A Quick Side-by-Side Comparison
| Factor | Nursery | Childminder | Nanny | Nanny share |
|—|—|—|—|—|
| Cost (one child, full-time) | £15,000–27,000/year | £11,000–18,000/year | £30,000–60,000+/year all-in | £15,000–30,000/year per family |
| Regulated by Ofsted | Yes | Yes | Voluntary only | Voluntary only |
| Statutory ratios | Yes | Yes (1:6 max under 8) | n/a (sole charge) | n/a (1:2 typical) |
| Funded hours apply | Yes | Yes | Only if registered | Only if registered |
| Tax-Free Childcare | Yes | Yes | Only if registered | Only if registered |
| Care environment | Group / institution | Home | Your home | One family's home |
| Backup if carer ill | Strong | Weak | None — you cover | Partial — share fallback |
| Peer interaction | Daily, large group | Small group | None unless arranged | One regular peer |
| Hours flexibility | Limited | Moderate | High | Moderate |
| You as employer | No | No | Yes (PAYE, NI, pension) | Yes (joint) |
Picking By Age
A practical rule of thumb based on research and practice:
- Under 12 months: childminder or nanny ideal where affordable; nursery with strong key-person system also fine
- 12–24 months: all options work; childminder often the sweet spot
- 2–3 years: nursery or pre-school becoming more attractive for peer interaction
- 3–4 years: funded 30 hours often shifts the maths heavily toward nursery or pre-school
The right answer also changes as a family adds children and as parents' work patterns change. Most UK families re-evaluate at each major transition.
Picking By What Matters Most To You
If you most need cost-efficiency for one child: nursery with funded hours, or childminder.
If you most need flexibility around irregular hours: nanny.
If you most need peer interaction for an older toddler: nursery or pre-school.
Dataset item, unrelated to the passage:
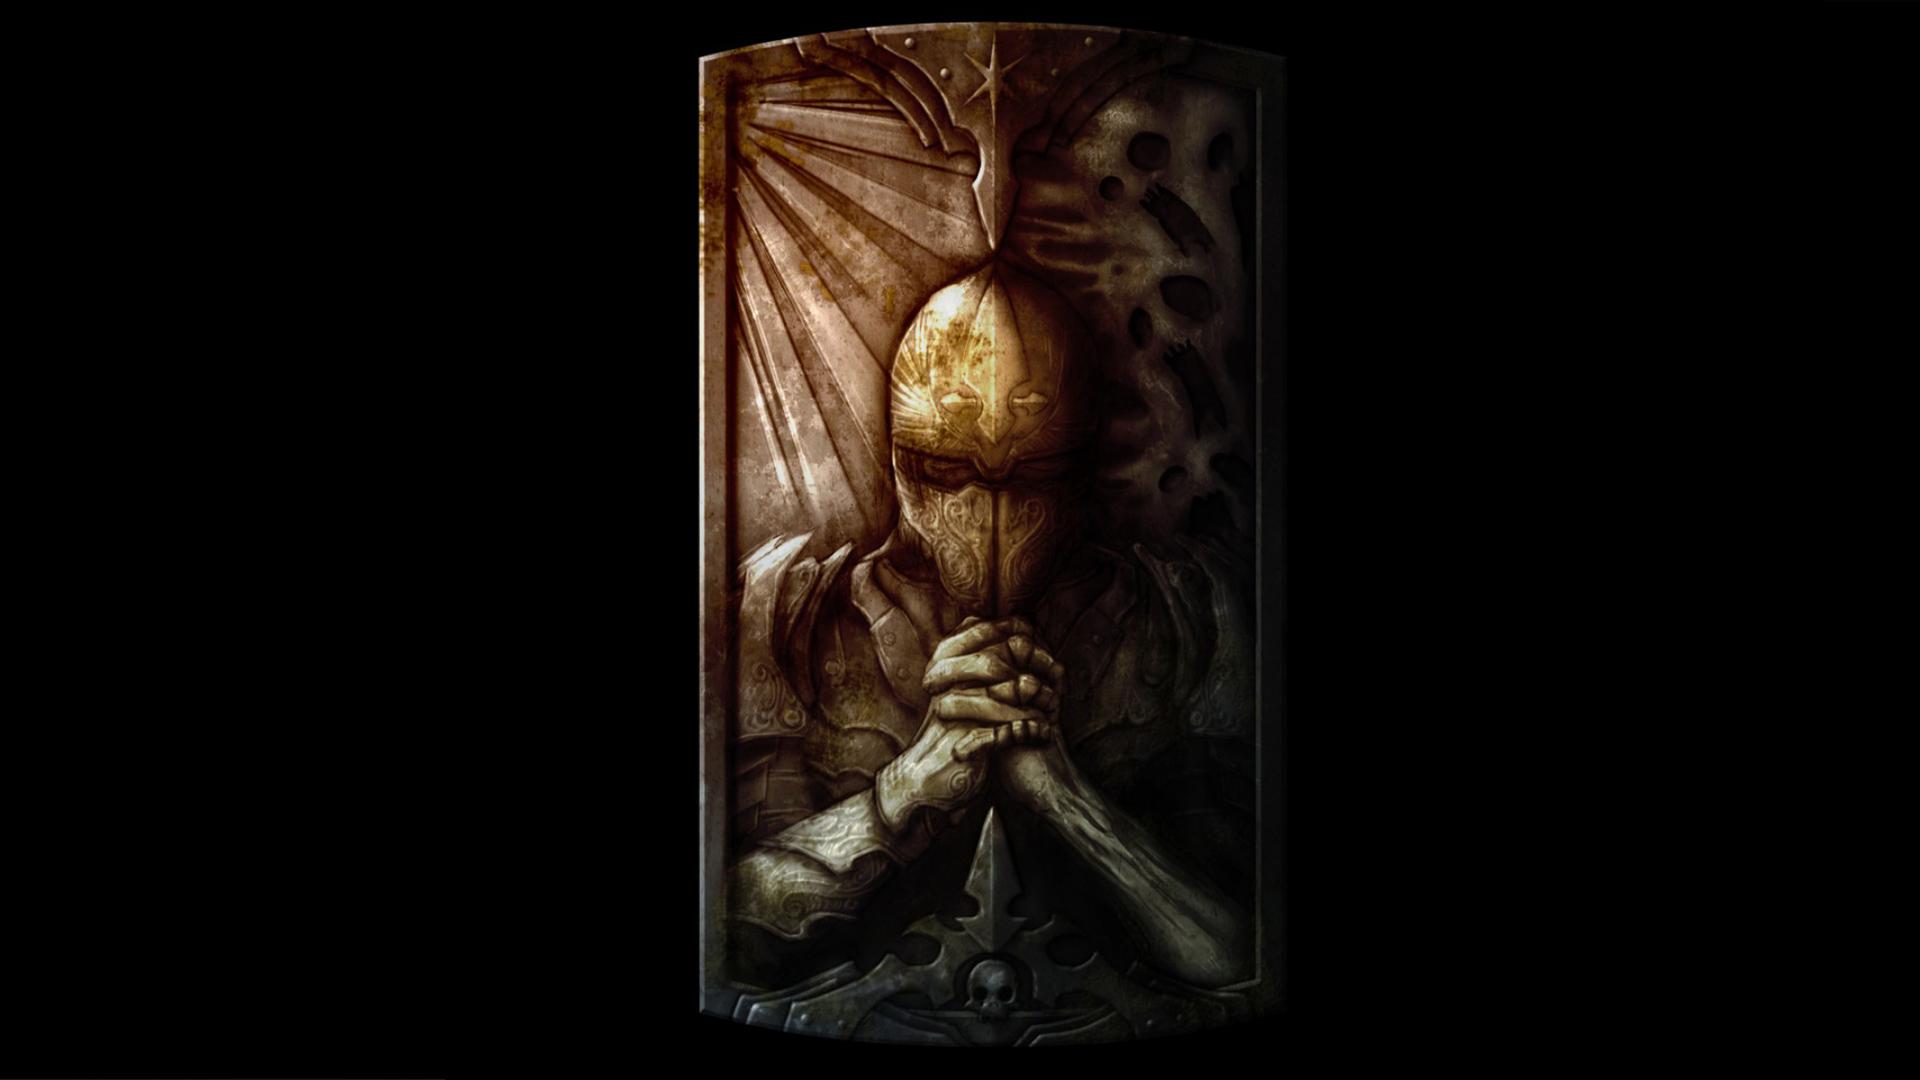 1080p Wallpaper Dark Dark souls 2 ii game hd 1920x1080
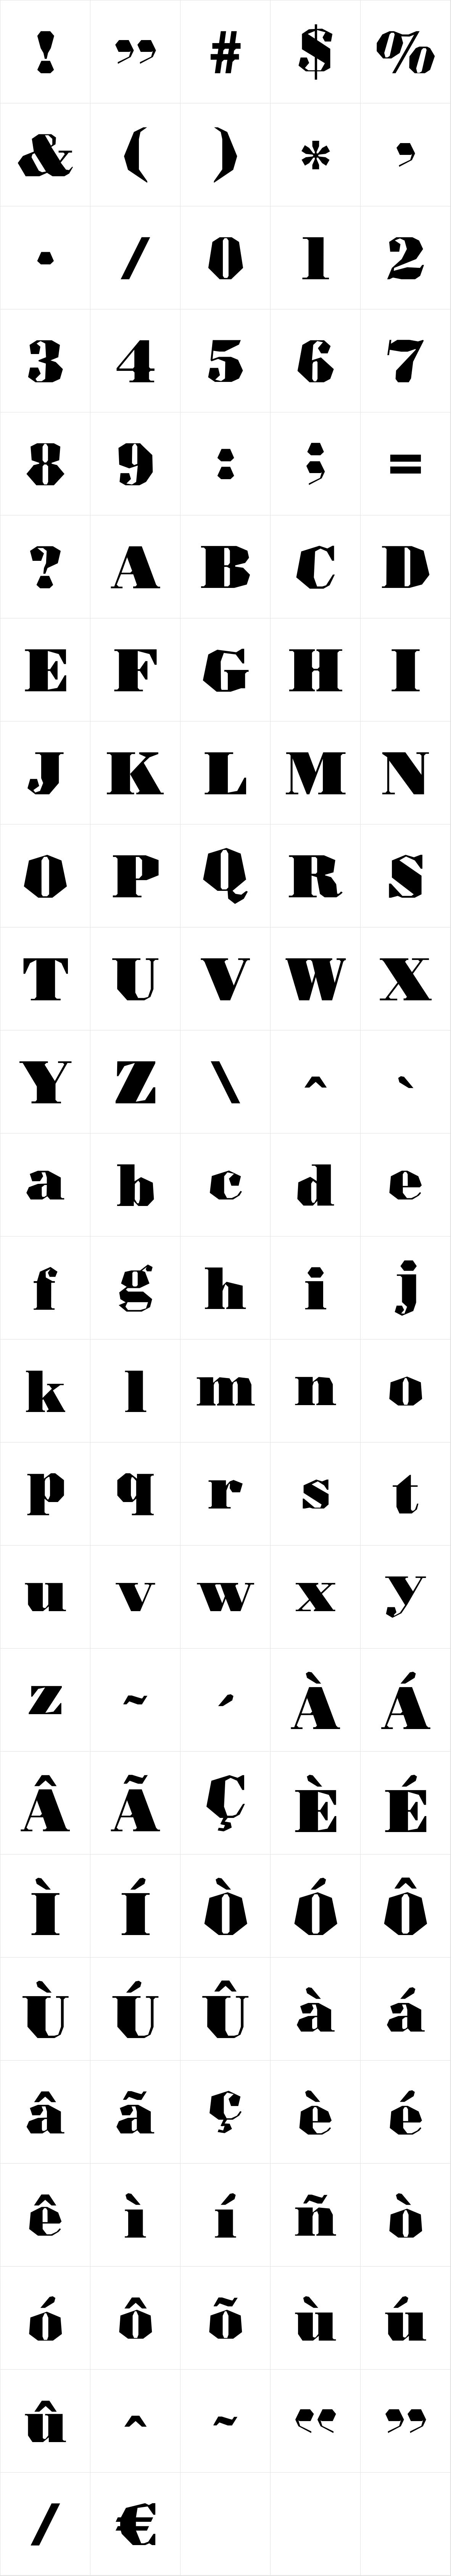 Ladoni Poster

If you most need one-to-one care for a young baby in a home environment: childminder, or nanny share.
If you most need continuity for a child with significant needs: nanny.
If you have two or more children under three: nanny or nanny share starts to compete on cost.
If you most need external regulation and inspection: nursery or childminder.
If you most want a home environment with siblings of different ages: childminder.
Once You've Chosen
For any registered setting (nursery or childminder), read the most recent Ofsted report, visit during a normal session (not a tour day), and ask the specific questions in the choosing-childcare article. For a nanny, vet thoroughly with references, DBS, and a paid working interview.
Most importantly, watch your child after the first few weeks. The setting that works on paper does not always work for the specific child you have. Honesty about that — sometimes meaning a switch — saves more pain than persisting with a poor fit.
Key Takeaways
The four main UK childcare options — nursery, childminder, nanny, and nanny share — differ in cost, regulation, group size, and flexibility. For most families with one child, a nursery or childminder is the cleanest choice; for two children under three, a nanny share or sole nanny becomes competitive. The right answer depends on the specific child, the family's hours, and the budget.